*** Opening of Provided records ***

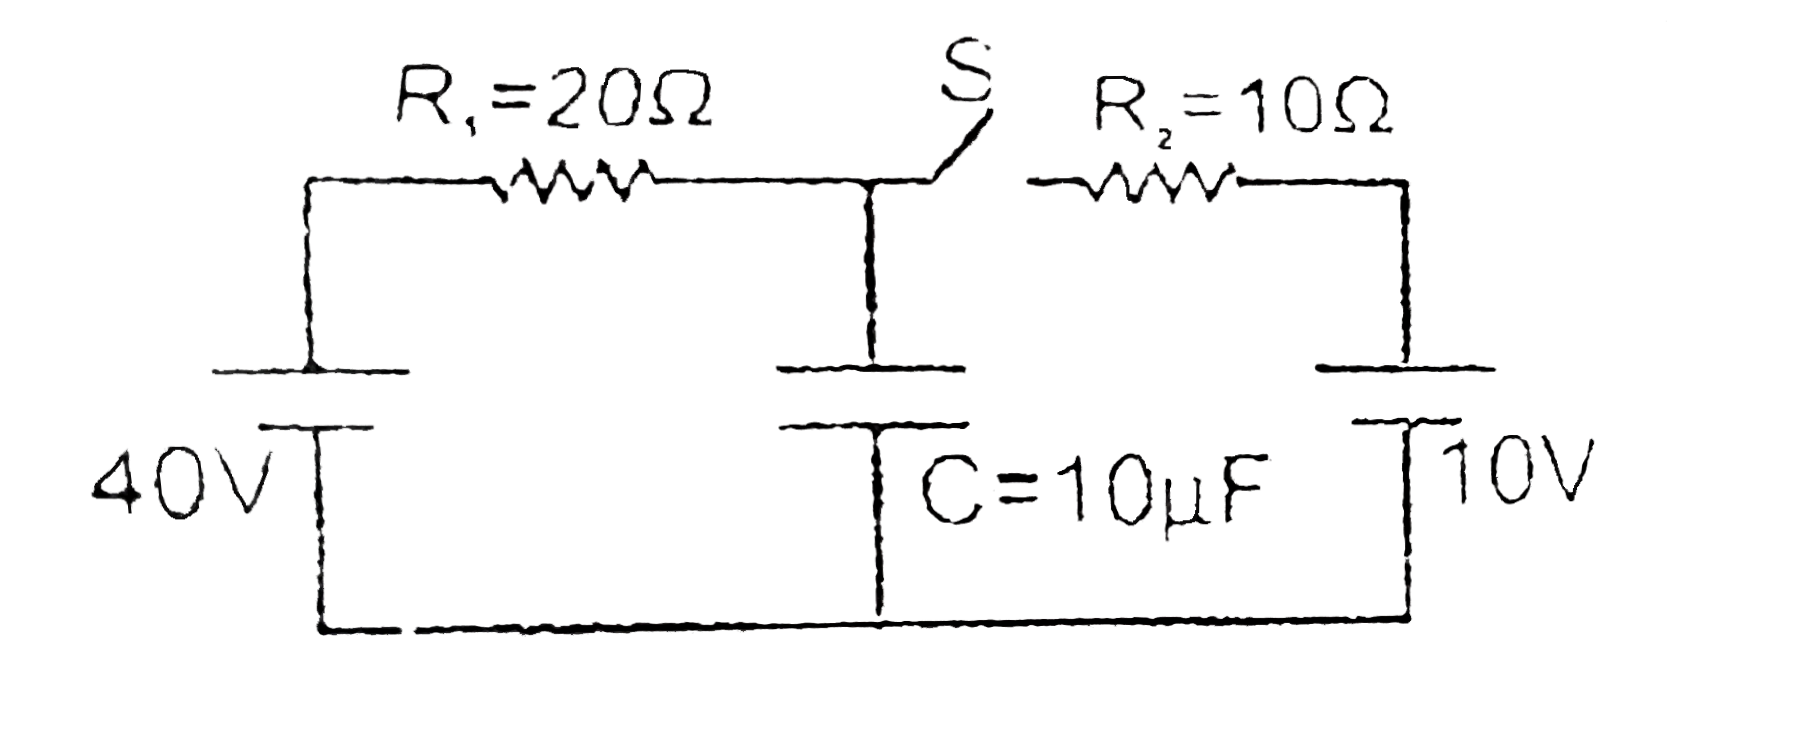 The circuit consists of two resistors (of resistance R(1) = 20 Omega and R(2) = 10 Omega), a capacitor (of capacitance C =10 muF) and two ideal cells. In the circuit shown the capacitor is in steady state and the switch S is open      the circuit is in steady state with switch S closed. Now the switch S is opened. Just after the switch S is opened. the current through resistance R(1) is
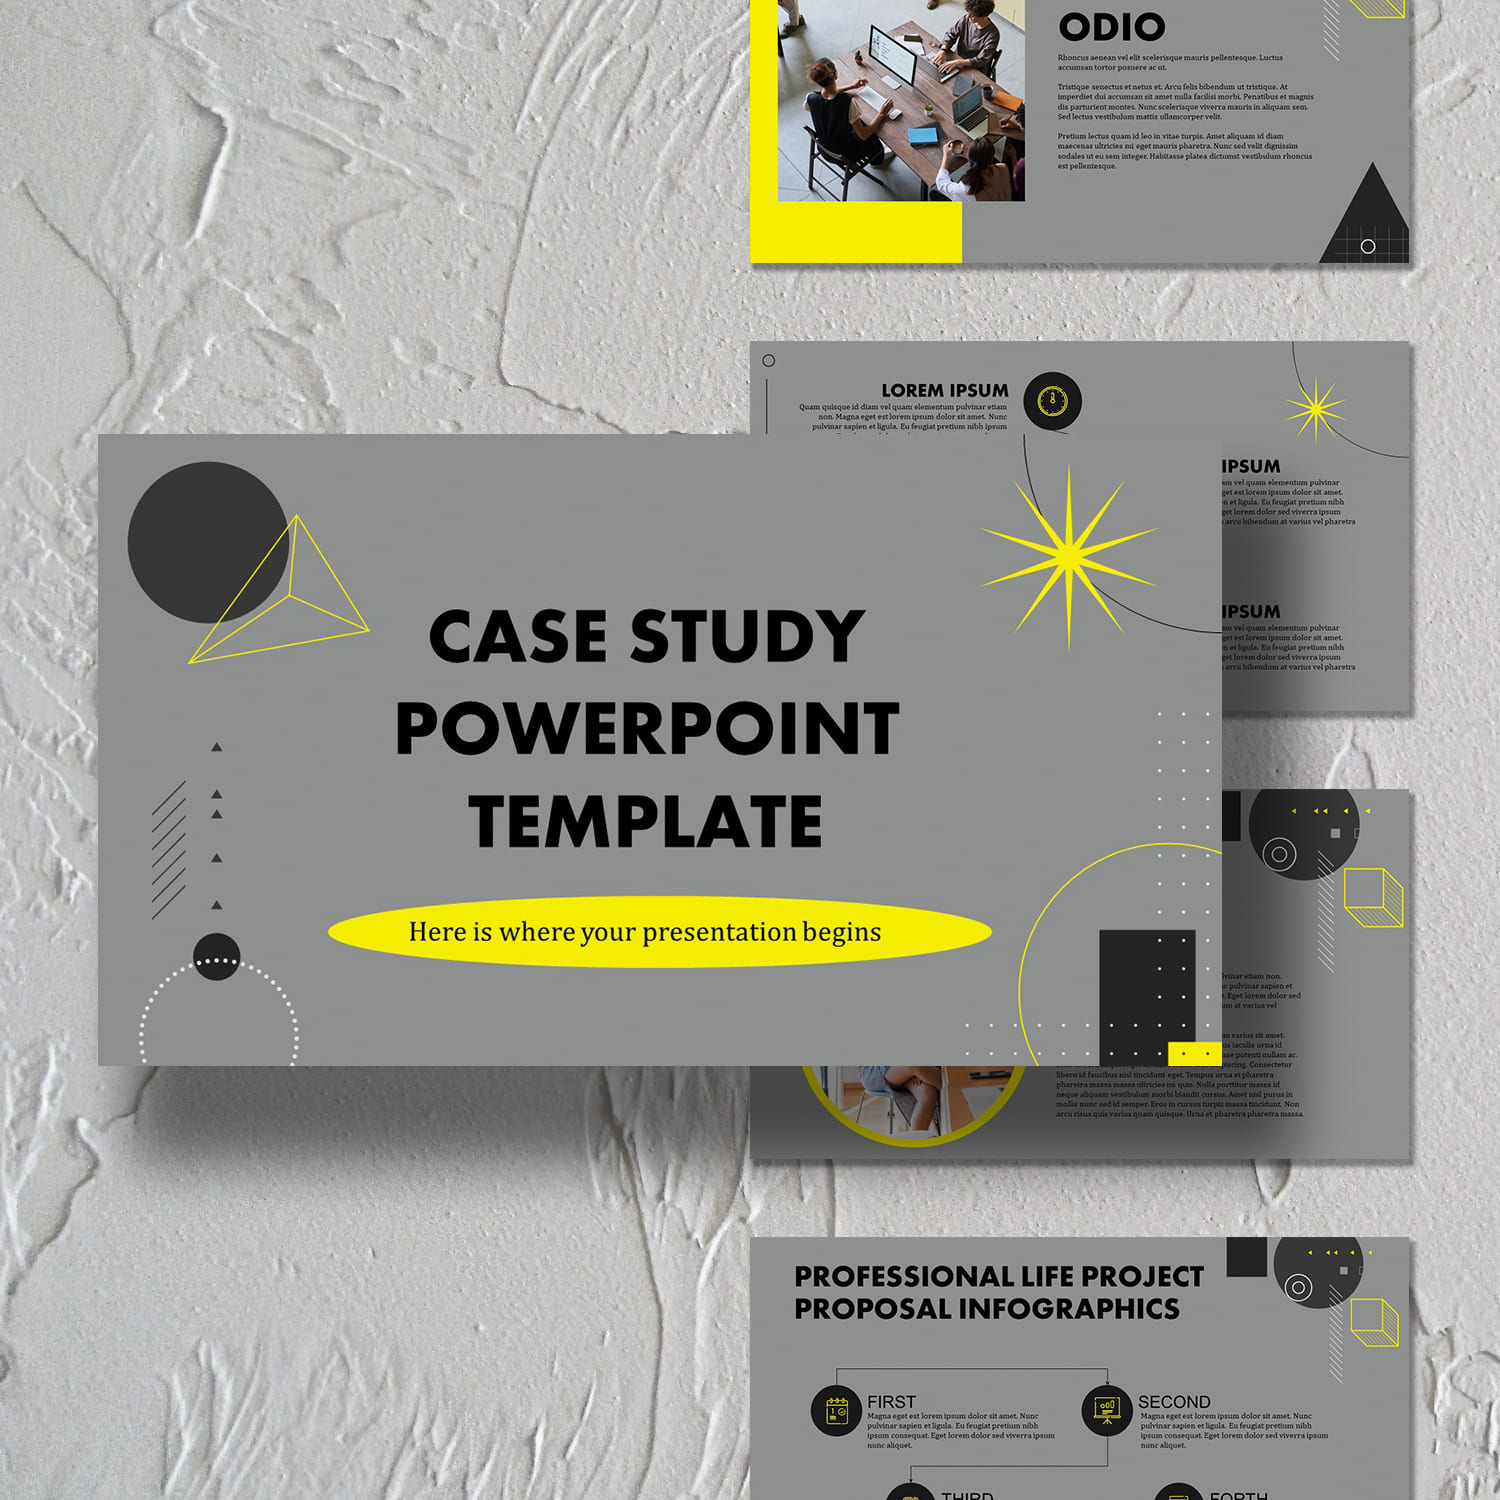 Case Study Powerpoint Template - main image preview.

*** Close of Provided records ***
*** Opening of Provided records ***

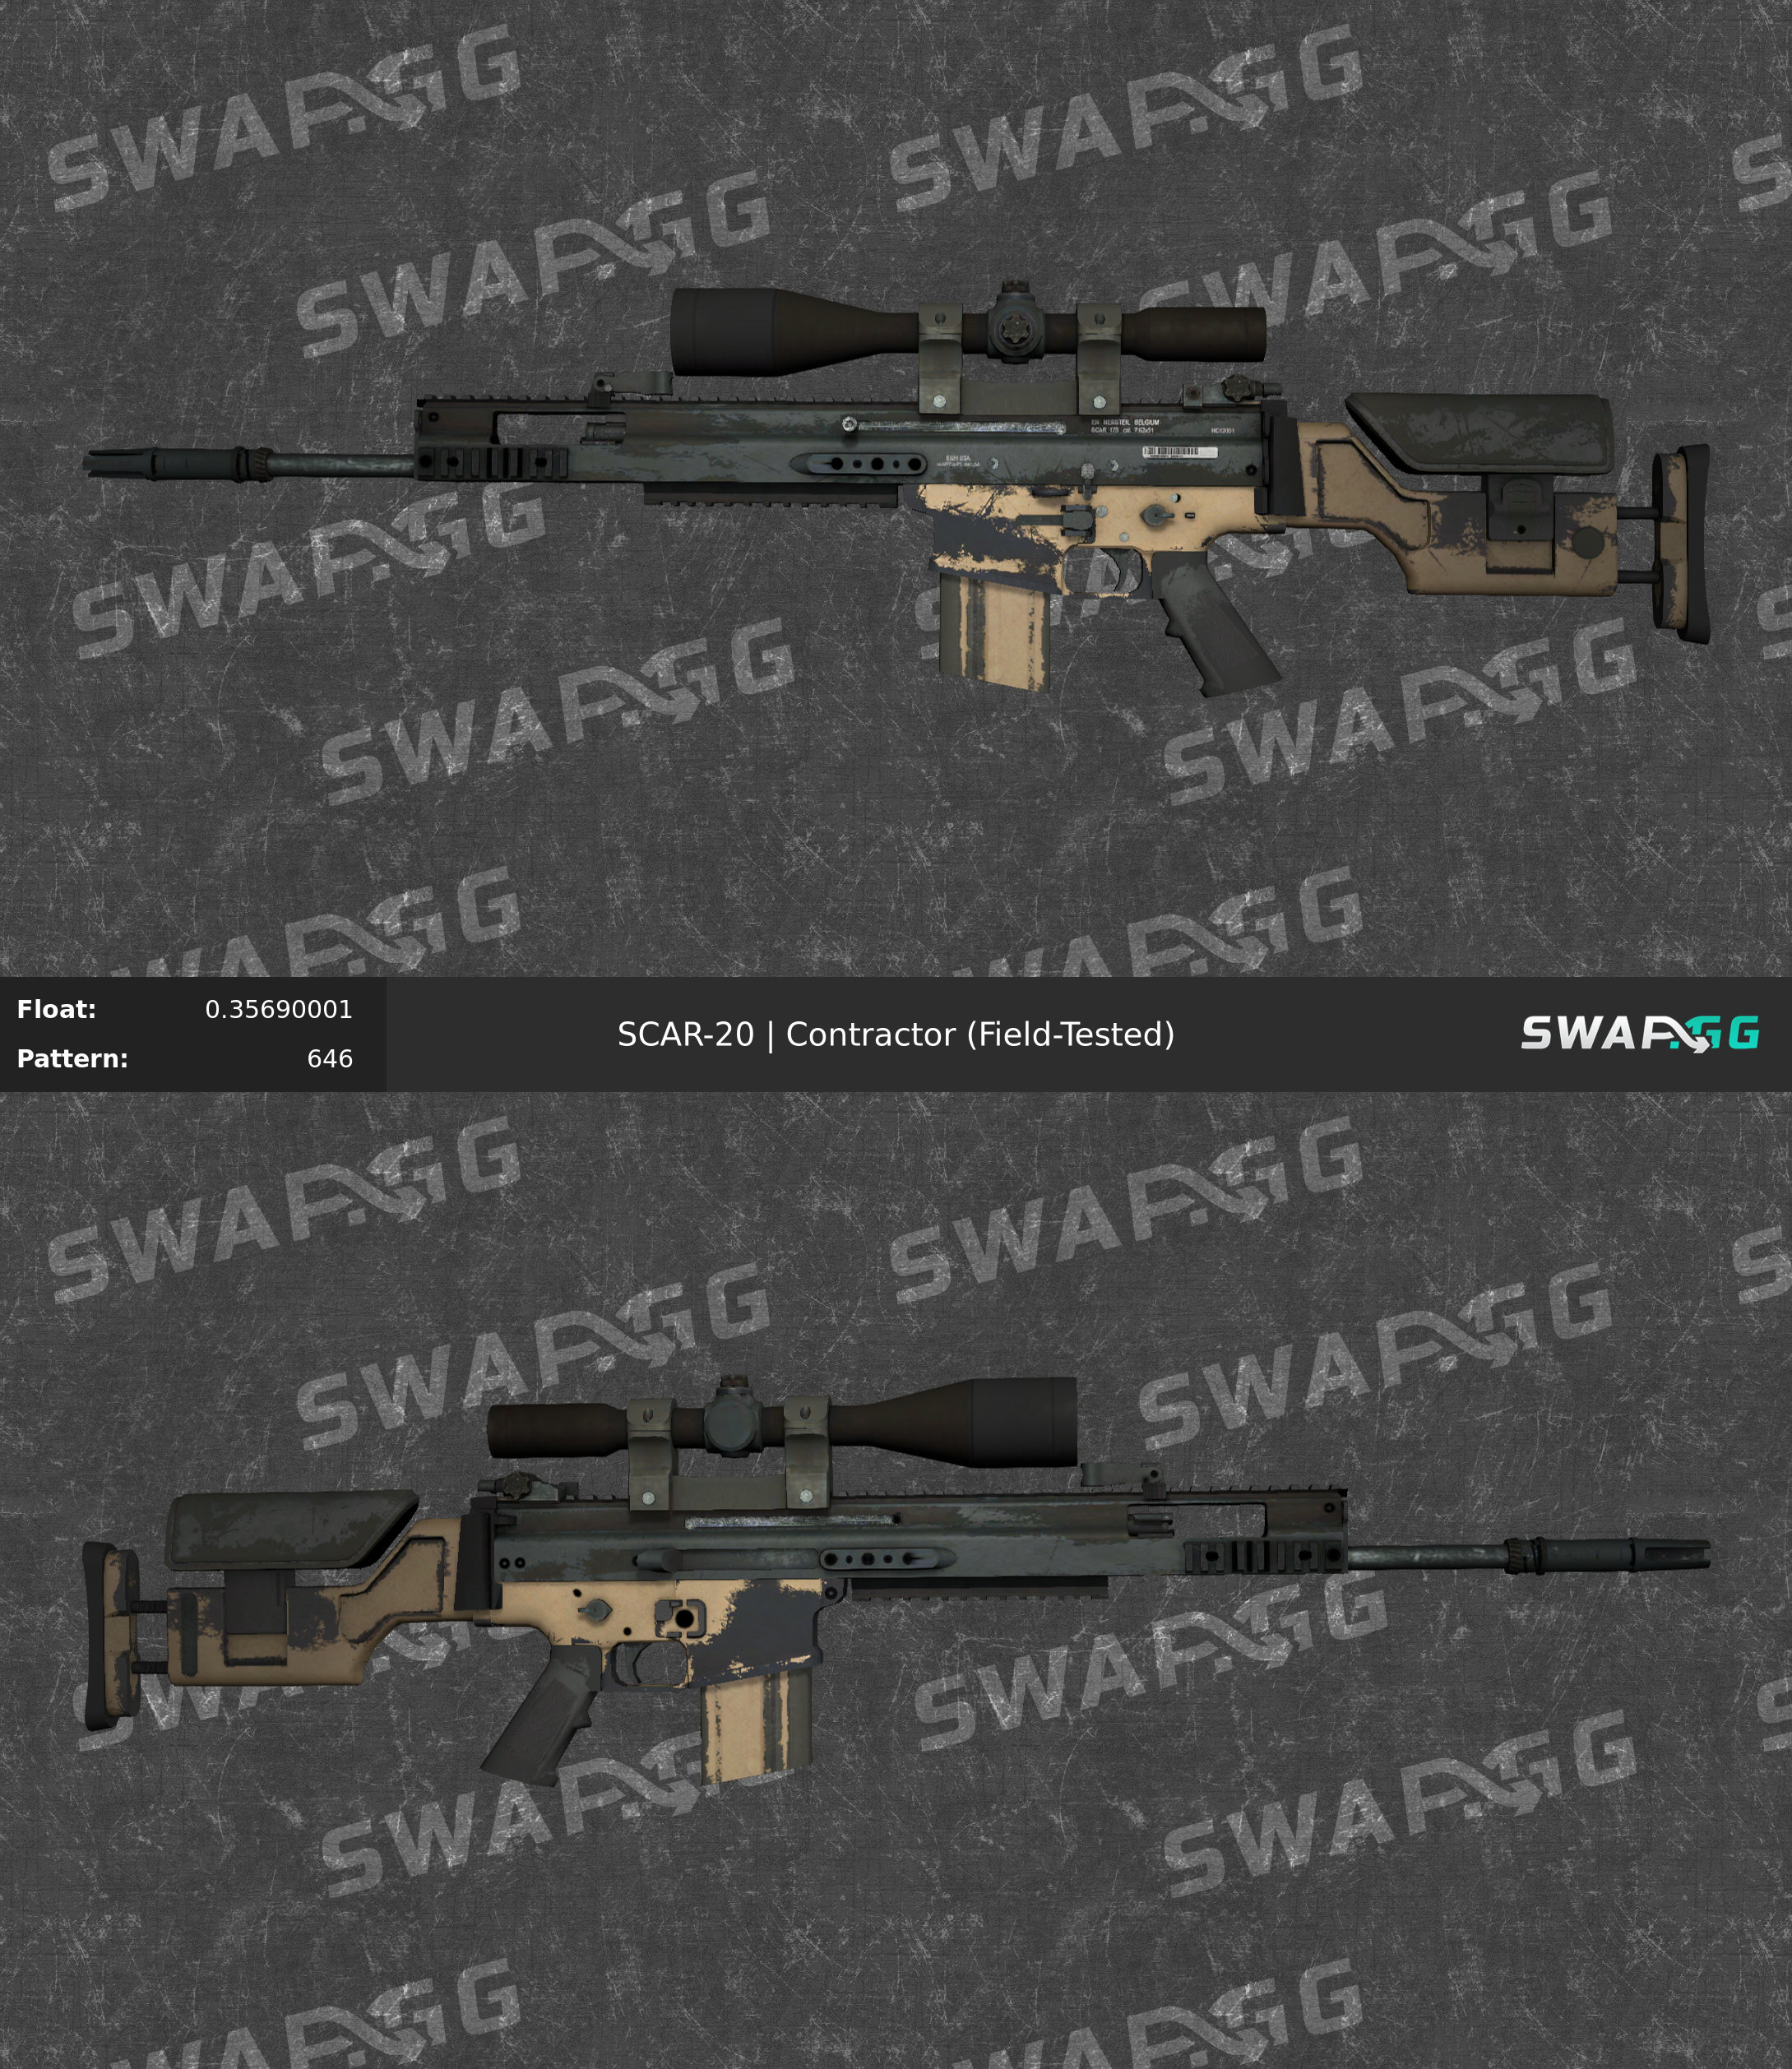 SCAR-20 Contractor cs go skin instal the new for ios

*** Close of Provided records ***

Look above for the line with "The circuit consists" and the line with "Case Study Powerpoint". Copy them and every line between, exactly, but no pictures.

→ **Response area**:
 The circuit consists of two resistors (of resistance R(1) = 20 Omega and R(2) = 10 Omega), a capacitor (of capacitance C =10 muF) and two ideal cells. In the circuit shown the capacitor is in steady state and the switch S is open      the circuit is in steady state with switch S closed. Now the switch S is opened. Just after the switch S is opened. the current through resistance R(1) is
 Case Study Powerpoint Template - main image preview.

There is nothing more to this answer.